Barry Sunderland holds a Bachelor of Mechanical Engineering from the University of Limerick, Ireland and worked for several years as a project engineer in America and Europe. He first got in involved with the Automated Species Identification project as part of his capstone project for the Data Science Bootcamp at Propulsion Academy in Zurich. His main goal now at the Library Lab is to bring Ankit Dhall’s research into practice. In parallel to improving the classification model, Barry Sunderland will deploy the model as a cloud based API to serve the mobile app with the species classifications.
For developing the mobile app, ETH Library Lab has enlisted the support of Propulsion Academy, continuing the rewarding collaboration between the two groups and ensuring that the project reaches production as soon as possible. When released, the app will assist untrained users and citizen scientists as well as experts in research collections, enabling the classification of hundreds of specimens in a day. On a more general level, the project will contribute to the development of new concepts for efficient workflows in natural history collections and for the rapid mobilisation of biodiversity data.
Combining new technologies with natural historic collections provides interesting opportunities for biodiversity research.
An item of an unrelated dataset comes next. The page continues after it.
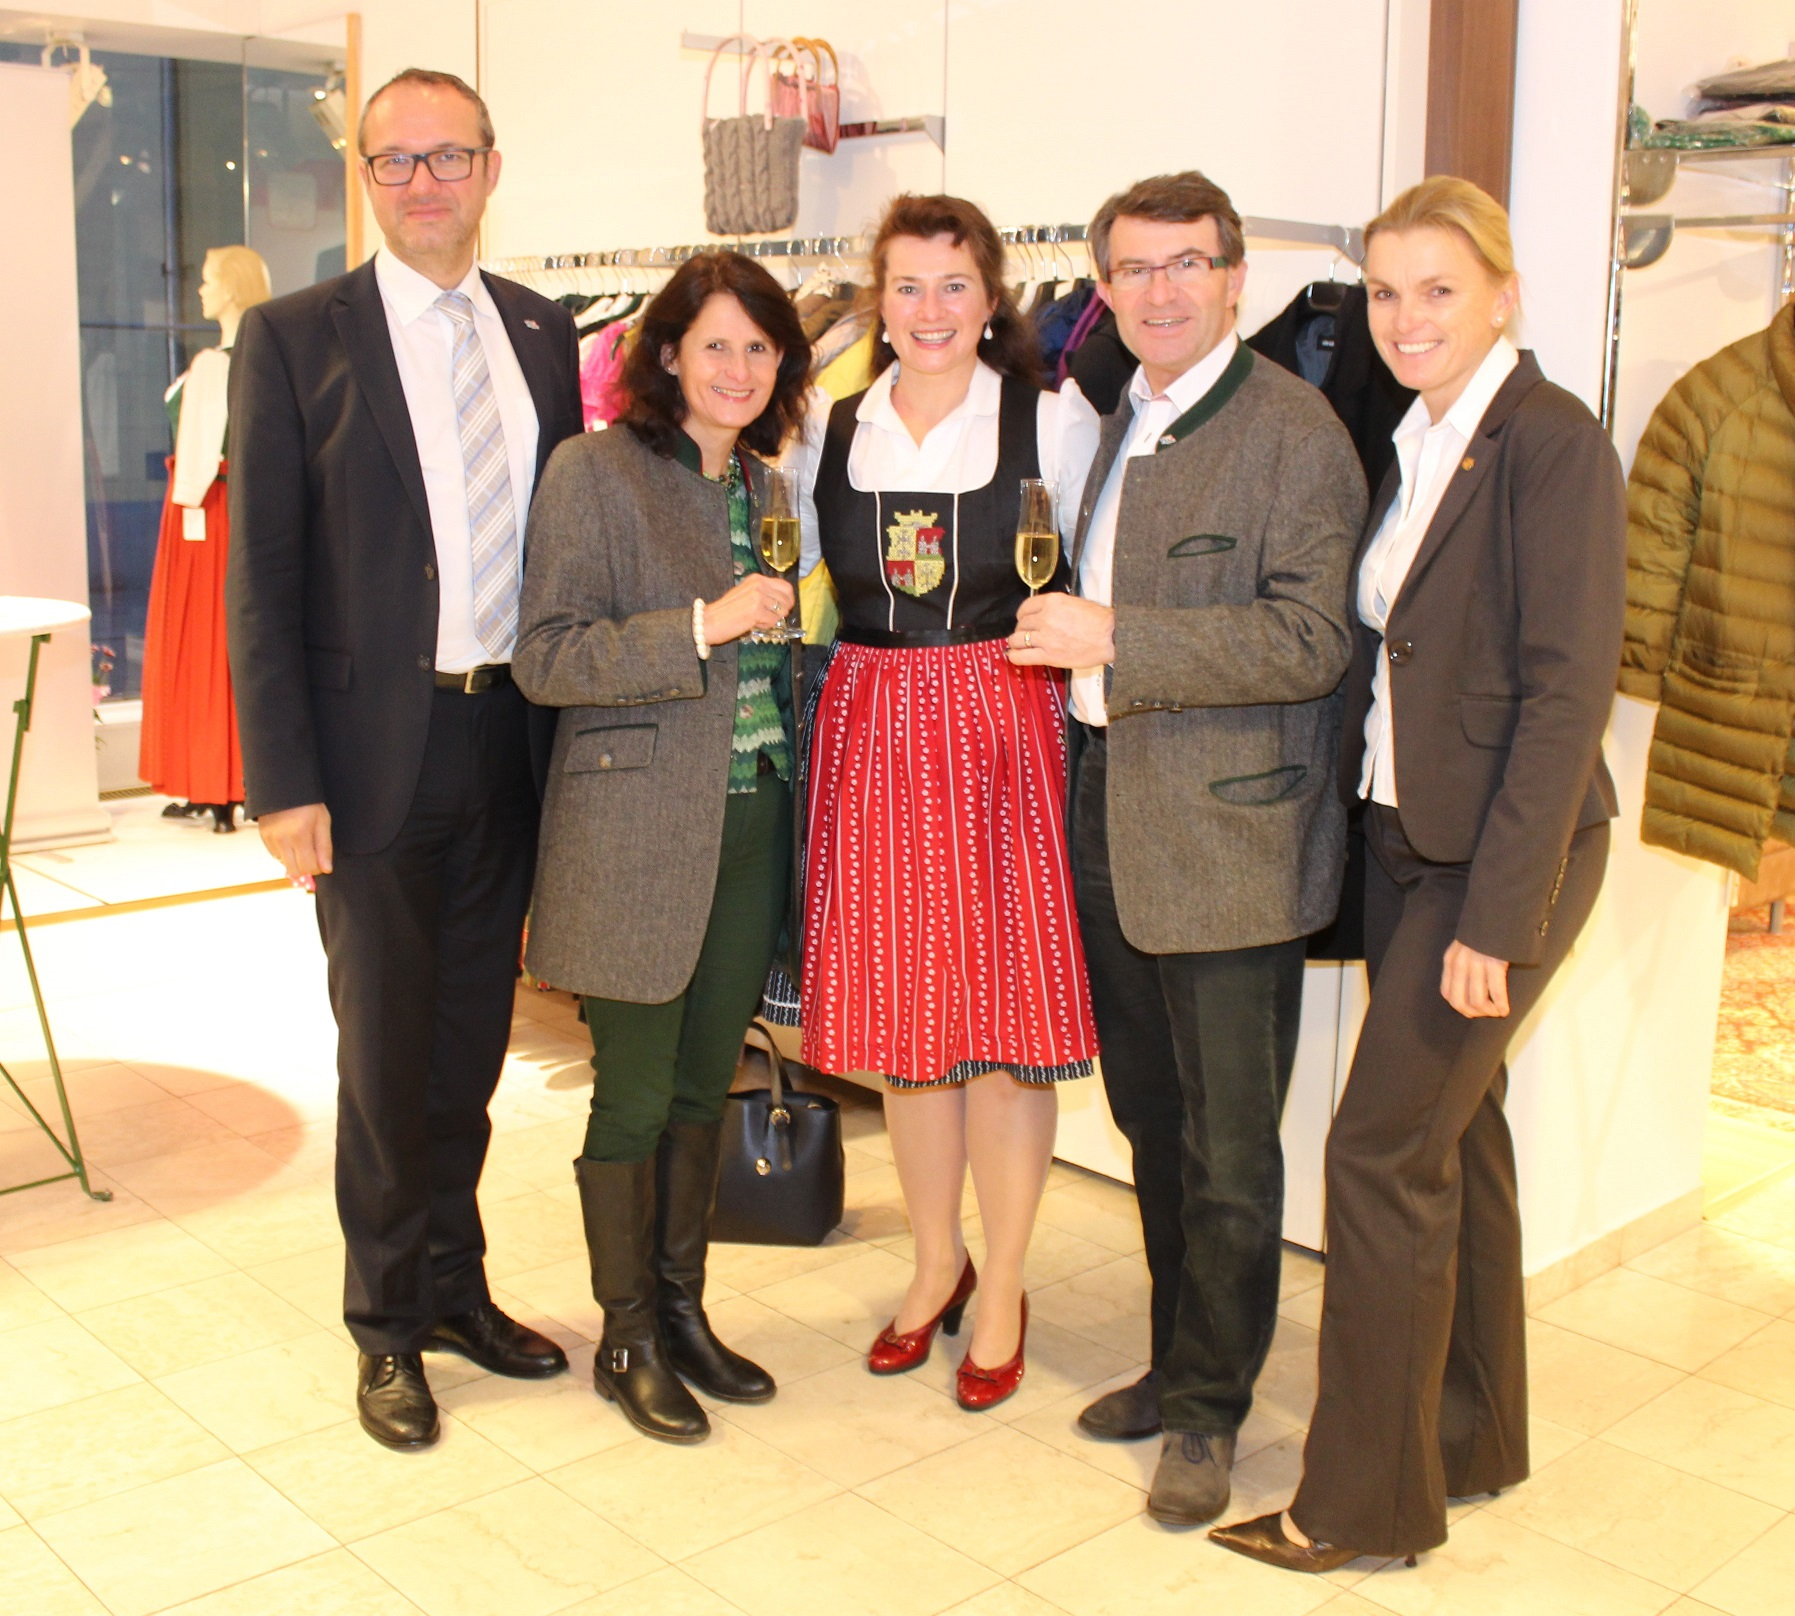 Eröffnungsmodeschau - Dr. Klosterer, Rosi Piribauer, Elke Wainig, SR Franz Piribauer, SR Lidwina Unger

ETH Zurich is an ideal place to develop innovative applications within and beyond academic research. For example, AI-equipped drones may help farmers to detect insect pests in crops in the near future. With our Automated Species Identification project, we hope to make the workflows in collections more efficient, allowing scientists to spend more time focussing on their research. We also hope to make biodiversity data from natural historic collections openly accessible and easier to analyse.